Engaging with his readers’ expectations, Spinoza allows that this conclusion may seem unduly revisionist. Because we know that Moses recorded some laws, it is tempting to infer that he probably also wrote down the laws listed in Deuteronomy. However, this is not an inference that the historical method permits us to make. To do so would be to import our own independent beliefs into the interpretative process, thus departing from the rule of interpreting Scripture by Scripture and ‘twisting its words to our liking’. And this would amount to denying Scripture and making up a new version of it to suit ourselves.30 If we are to stick to a defensible interpretative method, we simply have to admit our ignorance. As far as we can tell, we no longer possess the works originally written by Moses and must assume that they have been lost.31 We therefore have no grounds for claiming that he is the author of any surviving book of Scripture.32

This is a striking argument. The commentators with whom Spinoza is engaging largely worked with the assumption that, except where the evidence explicitly indicated otherwise, it was safe to conclude that Moses wrote the Pentateuch. This approach enabled them to root out later additions, thus disclosing an ur text in all its divine purity. Spinoza, however, shifts the burden of proof. Unless the surviving text explicitly indicates that Moses did write a particular book, we cannot legitimately conclude that he was its author. ‘Even though I might grant that it seems consistent with reason that Moses should have written down the laws at the very time and place in which he happened to communicate them, nevertheless I deny that it is permissible for us to affirm on (p.168) this ground that he did so’.33 One of the distinctive features of his method is therefore that it vindicates this much stiffer test of authorship.

The critical techniques that have yielded this conclusion about Moses can, of course, be applied to other sections of the Old Testament. Echoing both Lapide and Hobbes, Spinoza offers evidence that the Book of Joshua was not written by Joshua, that the Judges did not write Judges, and that Samuel did not write Samuel.34 Internal evidence reveals that the Book of Kings is a compilation, and inconsistencies between one biblical book and another show that Chronicles was written long after Ezra; that the Psalms were collected during the era of the Second Temple, five hundred or so years after the rule of David; and that Proverbs was probably written about the same time.35 As for the books of the prophets, it is clear that these were collected from various sources and are fragments of earlier texts.36 The origin of the Book of Job, Spinoza allows, is a matter of conjecture, but he is inclined to follow Ibn Ezra's view that it was translated into Hebrew from another language.37 Finally, Daniel, Ezra, Esther, and Nehemiah were all written after the restoration of the Temple, by a historian who was certainly neither Ezra nor Nehemiah.38 The aim of this catalogue is progressively to undermine the prevalent assumption that the Bible is a direct and unified record of the divine word, while simultaneously displaying the virtues of Spinoza's method. Much depends, as his conclusions show, on evidence about when a text was written, whether it was copied from another extant work, and whether it contradicts other existing sources. Commentators who fail to consider these issues allow themselves to go astray.

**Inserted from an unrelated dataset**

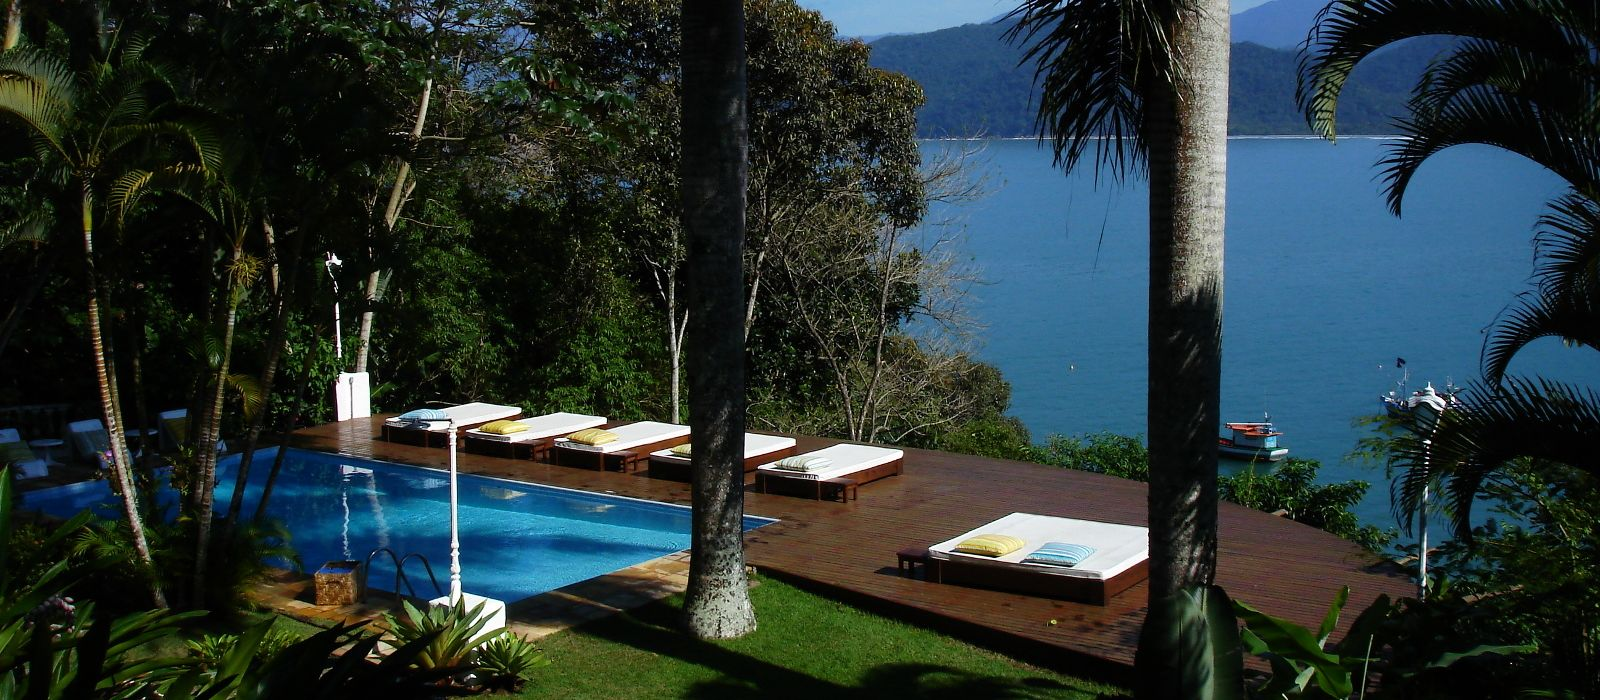 Hotel Pousada Picinguaba Brazil

This is a predominantly negative result; but the historical method on which it is grounded also allows Spinoza to arrive at positive hypotheses about the authorship of the Old Testament. Because the first five books tell a connected narrative, it is reasonable to assume that they were the work of a single author who ‘wanted to write about the past history of the Jews from their first origin to the first destruction of the city’.39 Since we also know that they were written long after the events they describe, it is probable, as both Jewish and Christian commentators agree, that the historian in question was Ezra.40 If so, we can tell from internal evidence that Ezra compiled information from a collection of earlier histories by more than one hand, but he was for some reason unable to complete the project.41 The precepts and stories he recounts are ‘collected and piled up indiscriminately, so that afterwards they might be more easily (p.169) examined and put in their place’.42 As they stand, they are full of repetitions, unaltered transcriptions, and discrepancies.

Many of the most glaring inconsistencies in the Pentateuch are chronological, and although strenuous attempts had been made to reconcile the various lengths of time it mentions, Spinoza is adamant that such efforts are doomed.43 In a rare autobiographical aside, he assures his readers that he was educated in the rabbinical tradition and has tried for many years to vindicate its commitment to consistency, but has come to the conclusion that in this respect it simply will not work.44 The chronology of the Old Testament does not add up, and in order to make it do so one has to invent fanciful interpretations that corrupt the language of the text. But this is ‘insane’.45 For example, the fourteenth‐century rabbi Levi ben Gerson, also known as Gersonides,46 attempted to vindicate the transparent claim that Solomon built the Temple four hundred and eighty years after the Jews’ expulsion from Egypt by adjusting other equally clear assertions elsewhere in the text, such as that Moses governed his people in the wilderness for forty years. ‘It is quite evident’, Spinoza comments, ‘that this rabbi…and those who follow in his footsteps…are correcting Scripture rather than explaining it’,47 and are more concerned to uphold its divinity than to establish its truth.48

There is no reason to suppose that the commentators whom Spinoza describes as following in Gersonides's footsteps are all and only Jews. Here, once again, Spinoza is criticizing not only the rabbinical tradition, but also Christian authors who are prepared to revise clear passages in order to sustain their prejudices about the Bible's overall meaning. ‘As for their thinking it pious to accommodate some passages of Scripture to others, it is surely a ridiculous piety, in that they accommodate the clear passages to the obscure, the correct to the faulty, and corrupt sound passages with those which are spoiled’. To avoid these types of error, one must among other things be prepared to face up to the chronological claims made in the text, and refuse, in Spinoza's Cartesian metaphor, to treat Scripture as though it were a piece of wax, capable of taking on an infinity of different forms.49

(p.170) To understand the Old Testament, then, we must treat it as a bundle of texts derived from earlier works that have not survived and put together by historians whose powers of imagining and reasoning were nothing above the ordinary. There is consequently no reason to accept the view upheld by some seventeenth‐century commentators that Ezra acted under divine guidance.50 Spinoza owned a copy of a commentary on the Masoretic Bible, published in 1620 by the Hebrew scholar Johannes Buxtorf the elder (1564–1629), who argued that Ezra, together with the other learned men who made up the Grand Synagogue or council at which the text of Scripture was determined, were inspired by God.51 The Treatise may therefore implicitly be referring to Buxtorf when it dismisses what it presents as a rabbinical claim. Ezra, Spinoza asserts, was not even present at the Great Synagogue, let alone divinely inspired, and the hypothesis that he was is an unfounded and ridiculous invention. All the evidence suggests that his efforts were thoroughly human.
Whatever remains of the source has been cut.